Unfortunately the Drupal\Core\Cache\DatabaseBackend and the Drupal\Core\Cache\MemoryBackend use a hard-coded PHP serialization. Therefore the could not be easily improved by modules like https://www.drupal.org/project/igbinary
Proposed resolution
Follow the pattern of Drupal\Core\KeyValueStore\DatabaseStorage and Drupal\Core\KeyValueStore\DatabaseStorageExpirable and inject the serialize as a service to the Drupal\Core\Cache\DatabaseBackend.
The default configuration in core should then "remain" as it is and inject Drupal\Component\Serialization\PhpSerialize.
Even if this improvement makes sense for the Drupal\Core\Cache\MemoryBackend as well, @catch decided to not modify it in core. This backend is heavily used in the tests which will be more complicated afterwards. Therefore the igbinary contrib module will provide it's own backend as drop-in replacement.
As proposed by @berdir we introduce a "new" service serialization.objectaware.default that is in core just an alias for serialization.phpserialize. The redis module will leverage this one as well as soon as this patch gets committed. This new default service eases the task for the modules like igbinary to switch (most of) the serilaizers system wide.
Remaining tasks
Review the existing patch.
User interface changes
None.
API changes
Similar to Drupal\Core\KeyValueStore\KeyValueDatabaseFactory and Drupal\Core\KeyValueStore\DatabaseStorage the constructor of Drupal\Core\Cache\DatabaseBackend an its factory need to be prepared for dependency injection.

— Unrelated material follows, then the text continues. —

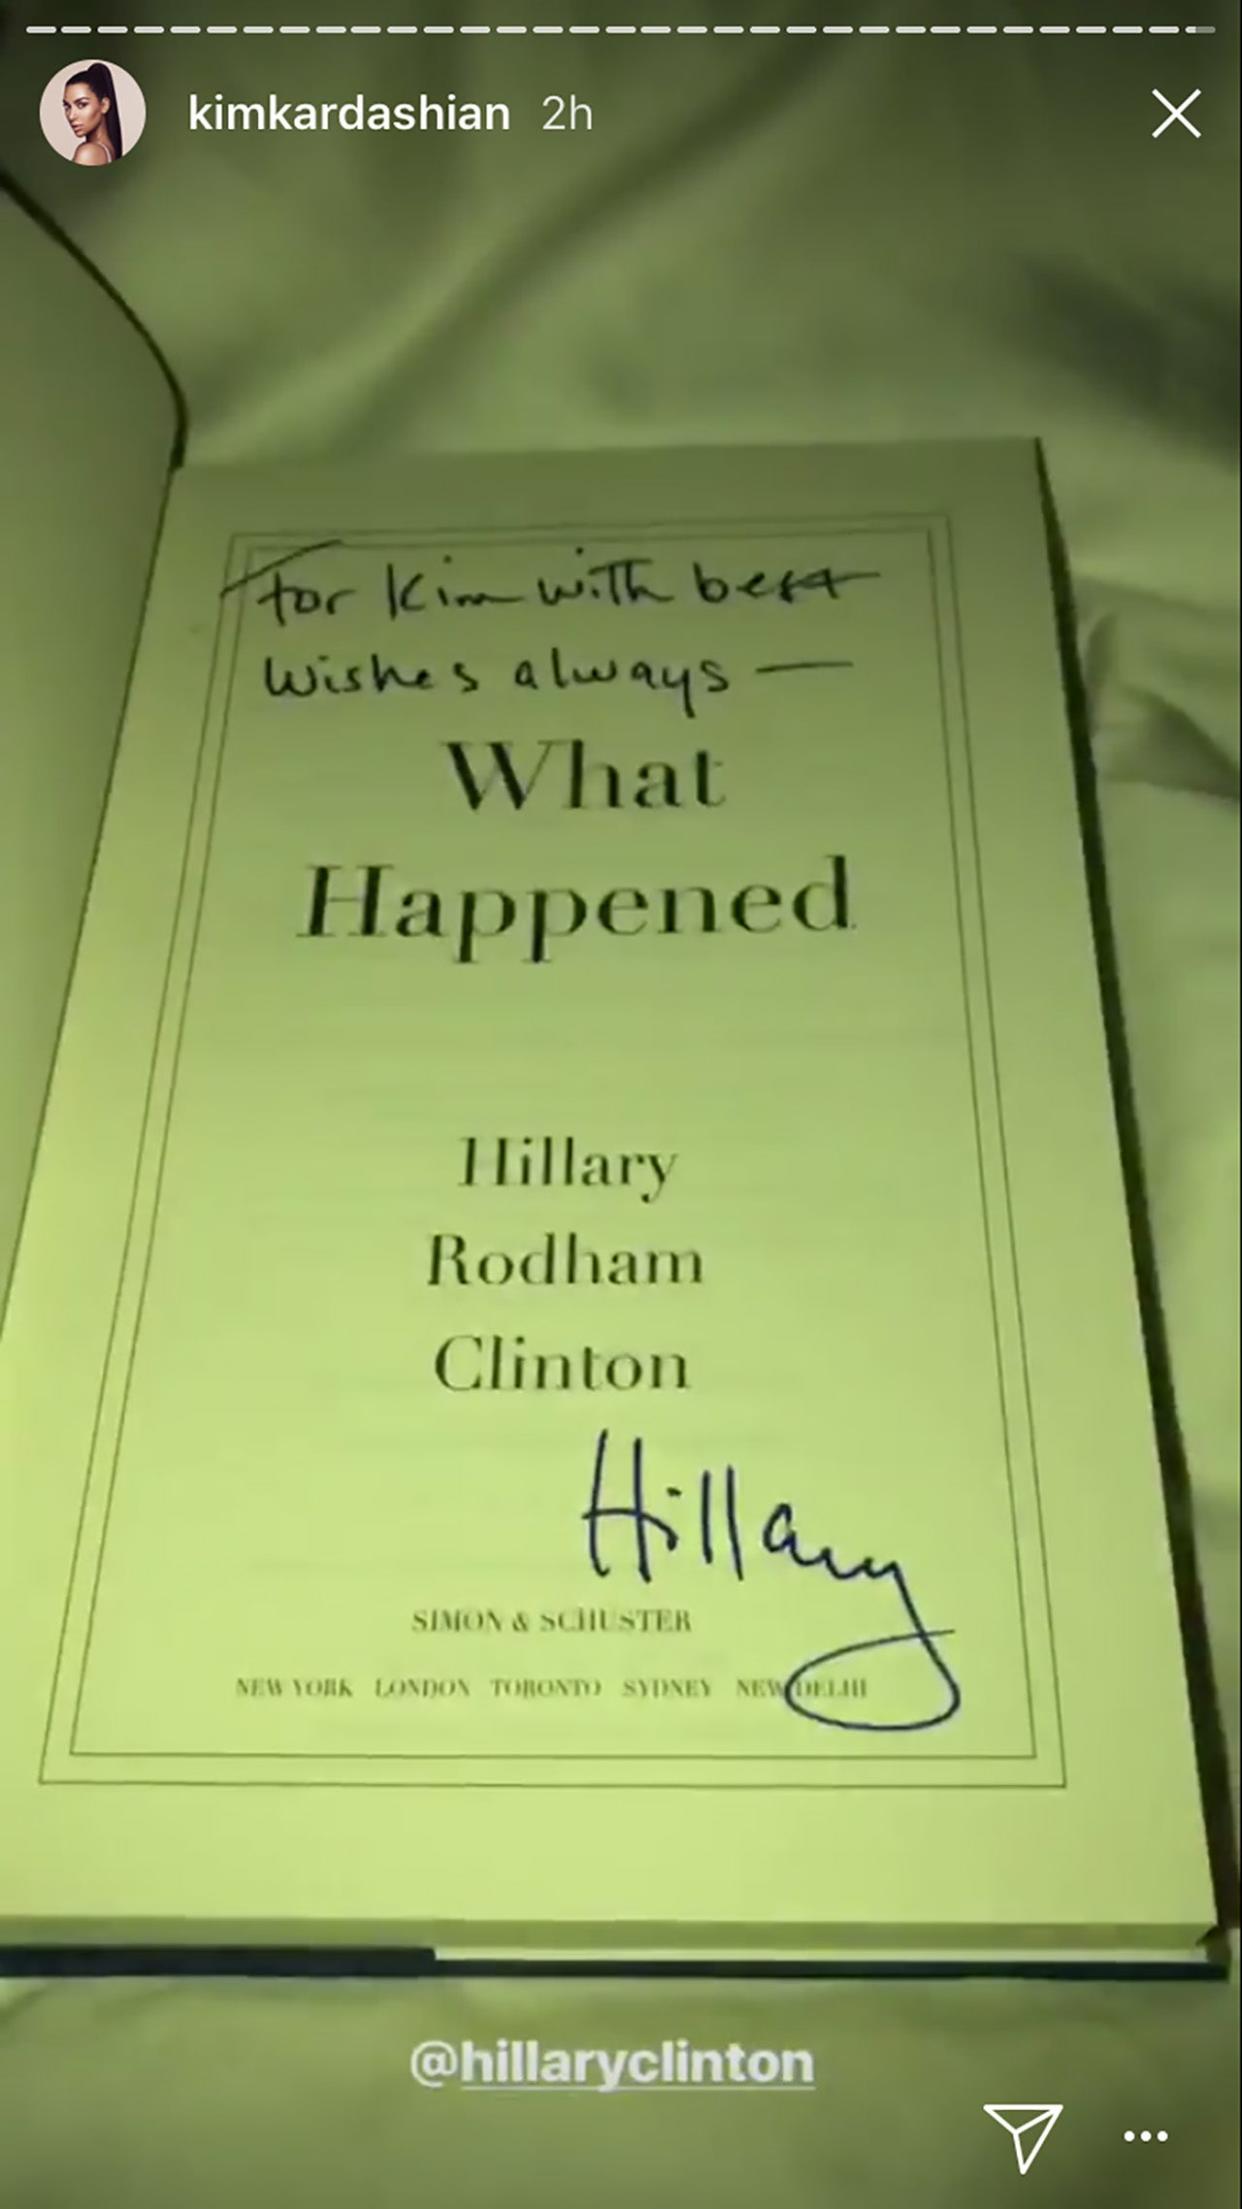 Hillary Clinton signs book for Kim Kardashian

In addition we define a new interface Drupal\Component\Serialization\ObjectAwareSerializationInterface that just extends Drupal\Component\Serialization\SerializationInterface to clearly indicate that implementing Serializers are suitable for PHP Object serialization.
Old:
DatabaseBackendFactory::__construct(Connection $connection, CacheTagsChecksumInterface $checksum_provider);
DatabaseBackend::__construct(Connection $connection, CacheTagsChecksumInterface $checksum_provider, $bin);
New:
interface ObjectAwareSerializationInterface extends SerializationInterface {}
DatabaseBackendFactory::__construct(Connection $connection, CacheTagsChecksumInterface $checksum_provider, ObjectSerializationInterface $serializer = NULL);
DatabaseBackend::__construct(Connection $connection, CacheTagsChecksumInterface $checksum_provider, $bin, ObjectSerializationInterface $serializer = NULL);
These API changes don't break BC!
Data model changes
None.
| Comment | File | Size | Author |
|---|
Issue fork drupal-839444
Show commands
Start within a Git clone of the project using the version control instructions.

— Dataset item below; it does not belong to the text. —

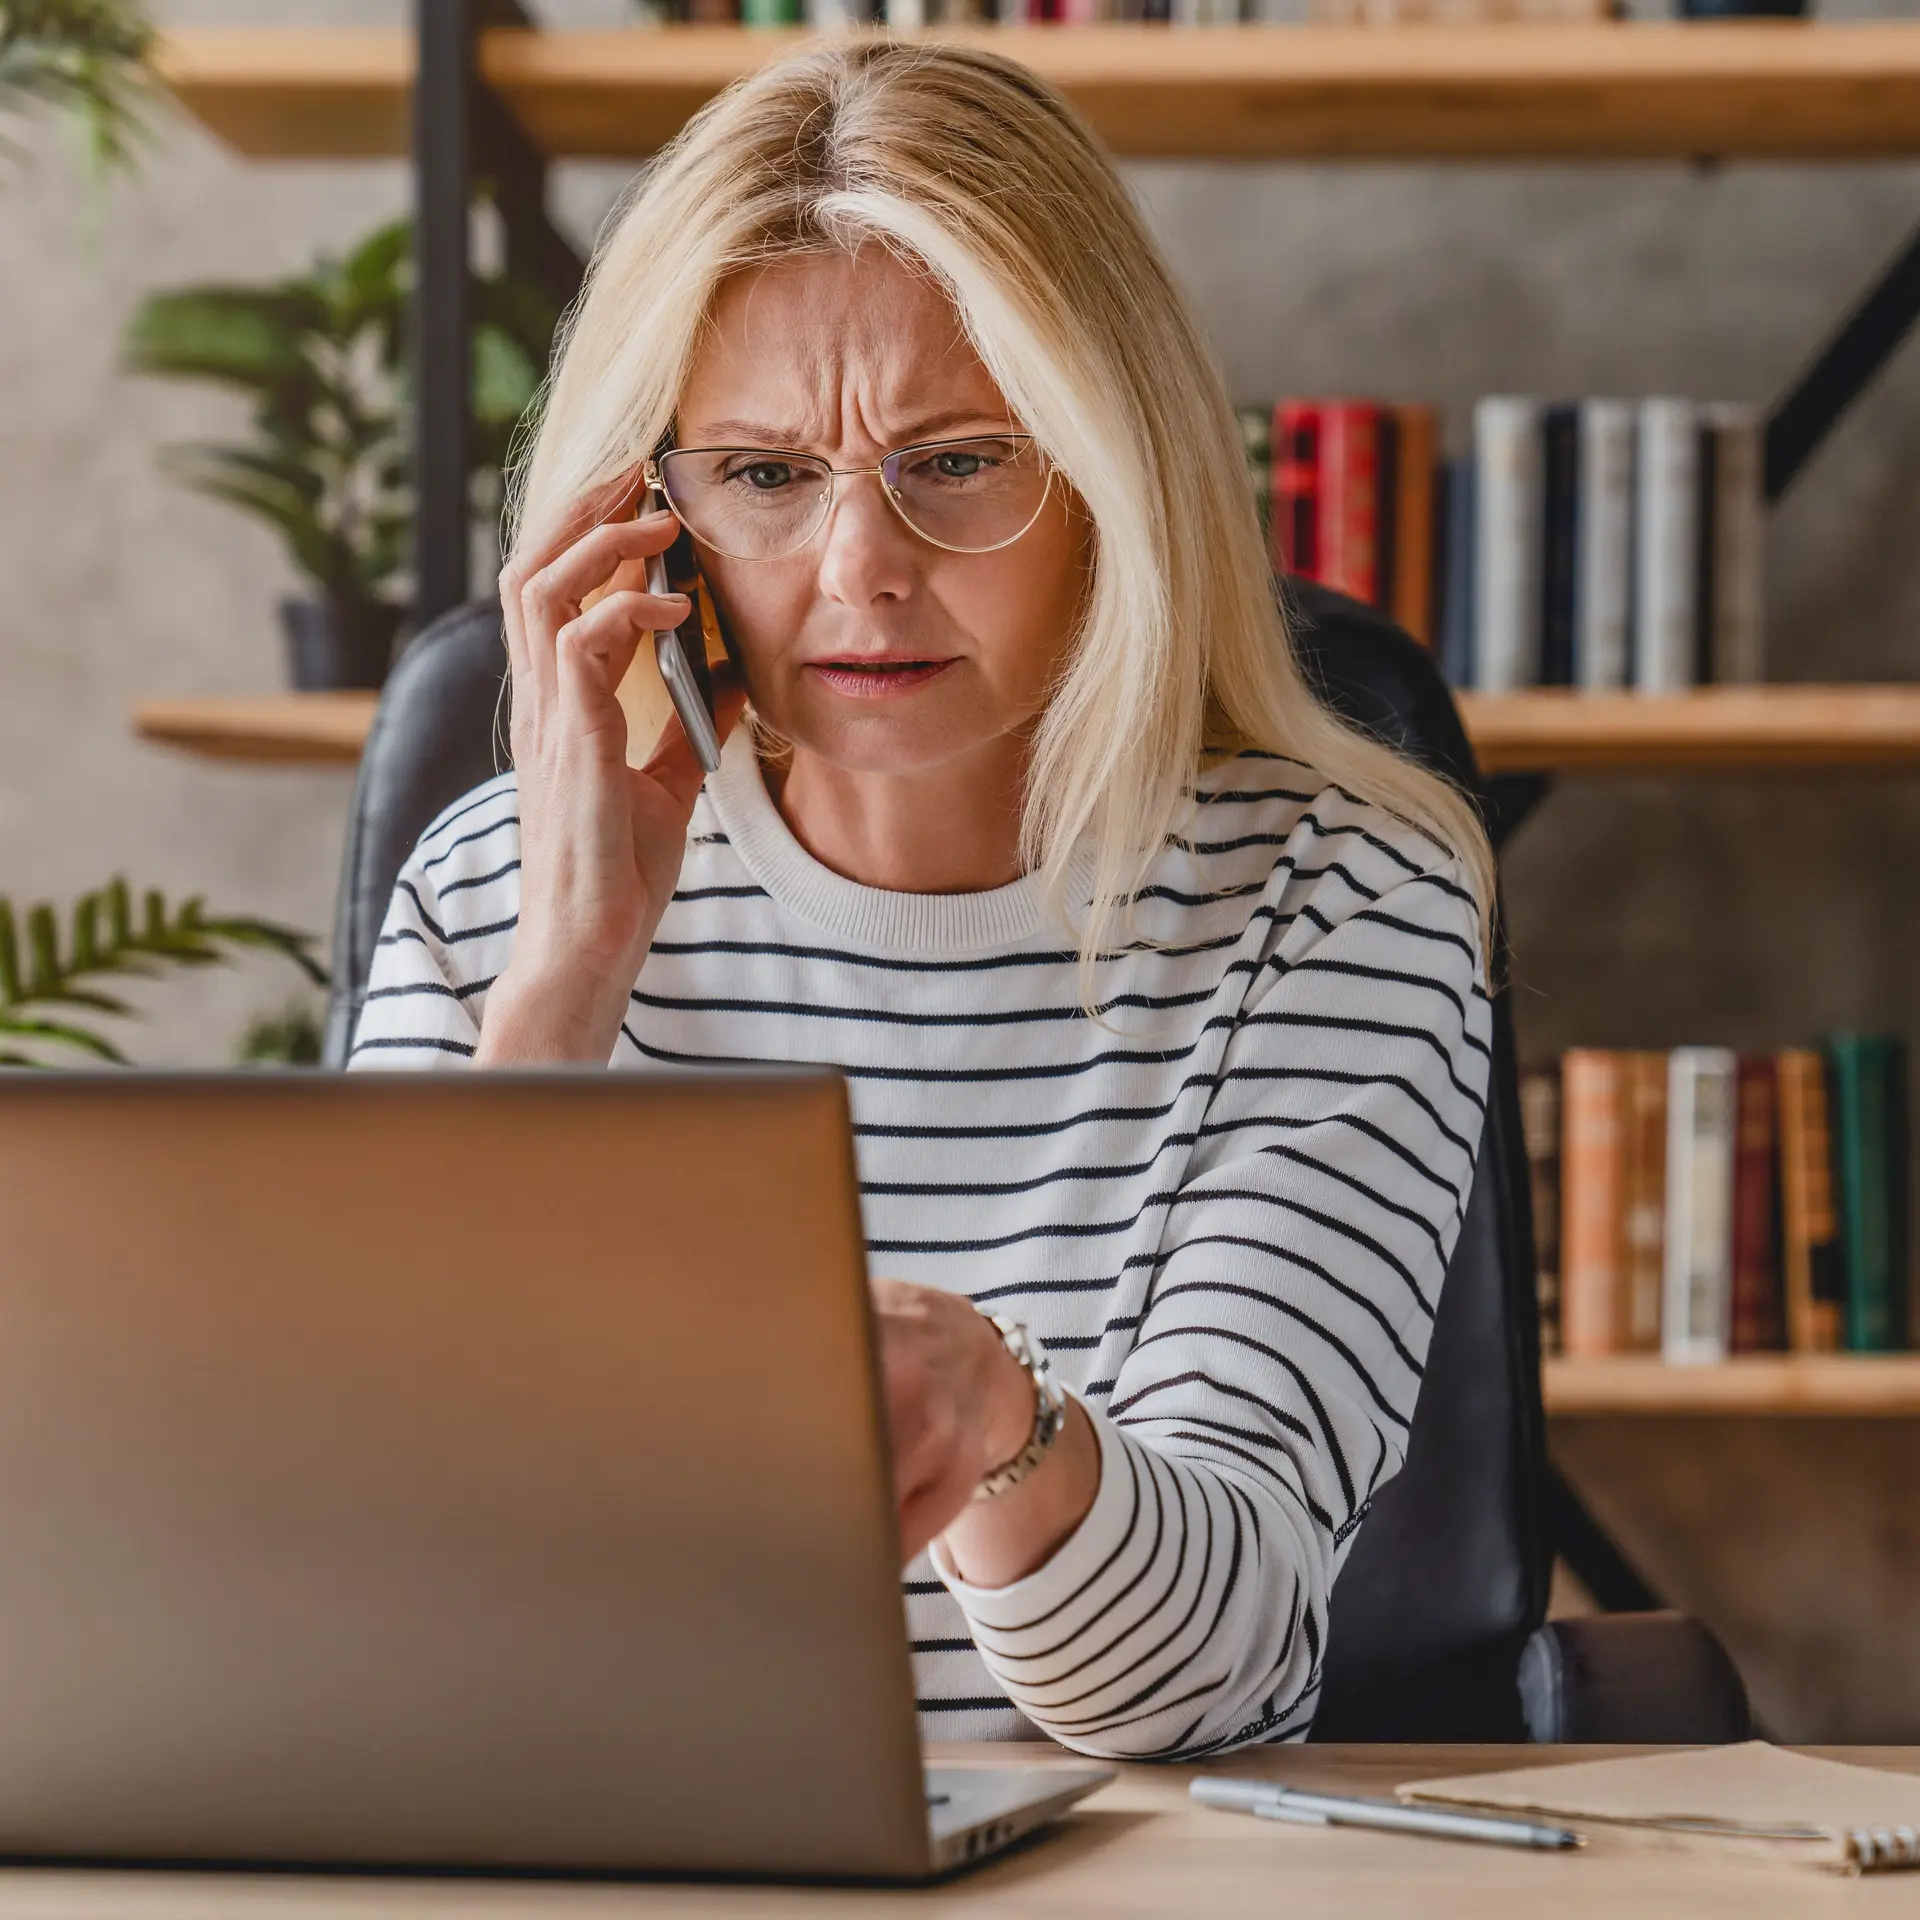 Reife Frau mit Streifenpulli sieht gestresst aus, während sie einen Laptop benutzt und mit einem Smartphone telefoniert.

Or, if you do not have SSH keys set up on git.drupalcode.org:
- 839444-make-serializer-customizable
changes, plain diff MR !6296
Comments
Comment #1
jbrown commentedThis is D8 material.
Comment #2
ogi commentedsubscribe
Comment #3
rbayliss commentedI lhad no idea json_encode() was that much faster. Still, json_encode's inability to restore objects as anything but stdClass makes this less worthwhile IMO, especially now that we have the class registry. Maybe it's worth looking into alternative serialization for specific places we store large simple arrays though. I'm looking at drupal_get_schema() and _theme_load_registry(). We can always json_encode() (or whatever function) the data before passing it into cache_set() as long as we know how to decode it on the way back out.
Comment #4
damien tournoud commentedI have done some limited benchmark with serialize / igserialize / json_encode on PHP 5.3, and it seems that serialize is not slow anymore.
Comment #5
keichee commentedplease download the benchmark at
https://github.com/jbergstroem/instabench
please download the php version PHP 5.4.0alpha1 (latest version) in PHP
The latter handles most of the PHP data structures, while the former only handles Javascript arrays (a type of data that doesn't exist in PHP) and Javascript plain objects (that are relatively similar to PHP arrays).

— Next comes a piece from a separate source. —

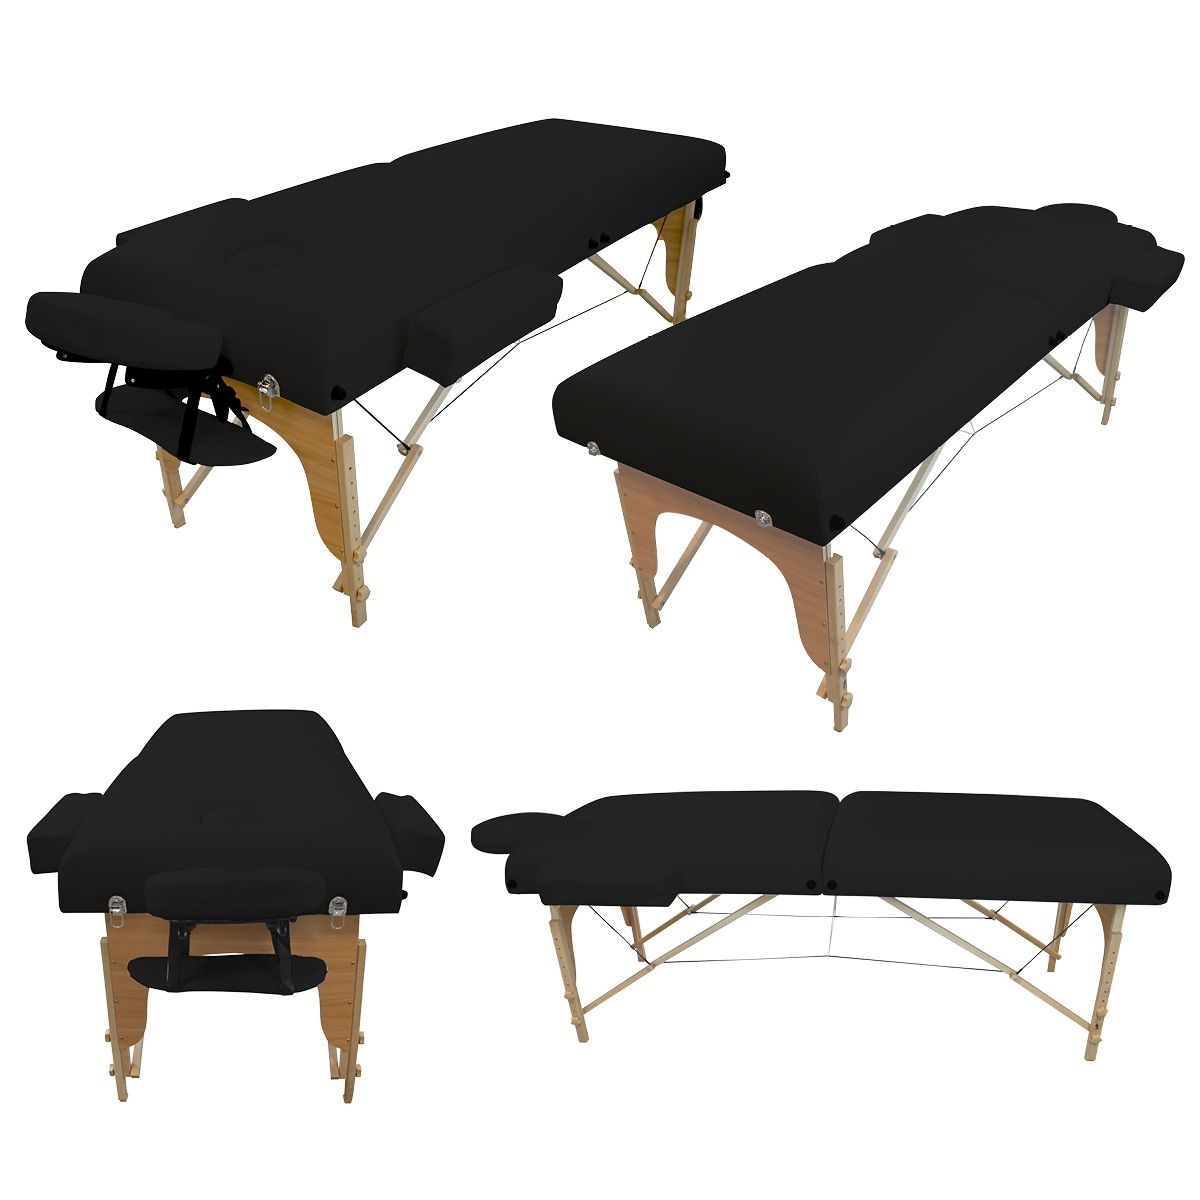 Accessoires et housse de transport Vivezen ® Table de massage pliante 2 zones en bois avec panneau Reiki 10 coloris Norme CE

> i think there are two PHP data structures, arrays and objects which json handles better
The latter is binary safe, while the former only handles valid Unicode strings (try json_encode(chr(255)), for example
> if there will be error in the code, i will later patch all invalid unicode strings to json friendly version
please do see the benchmark as serialize are intensively used by drupal, if this benchmark is correct, drupal will be 2.7x faster
i definitely want to choose 2.7x faster drupal and later problem unicode strings like chr(255)
how about others?
please check attached patch if will succeed, many thanks
others please post your benchmark, and let this patch succeed!
imagine, almost 3x speed than the latter. wow!
Comment #6
keichee commentedmore benchmarks, raw screenshots attached
imagine up to 4x speed of drupal than the latter, wow!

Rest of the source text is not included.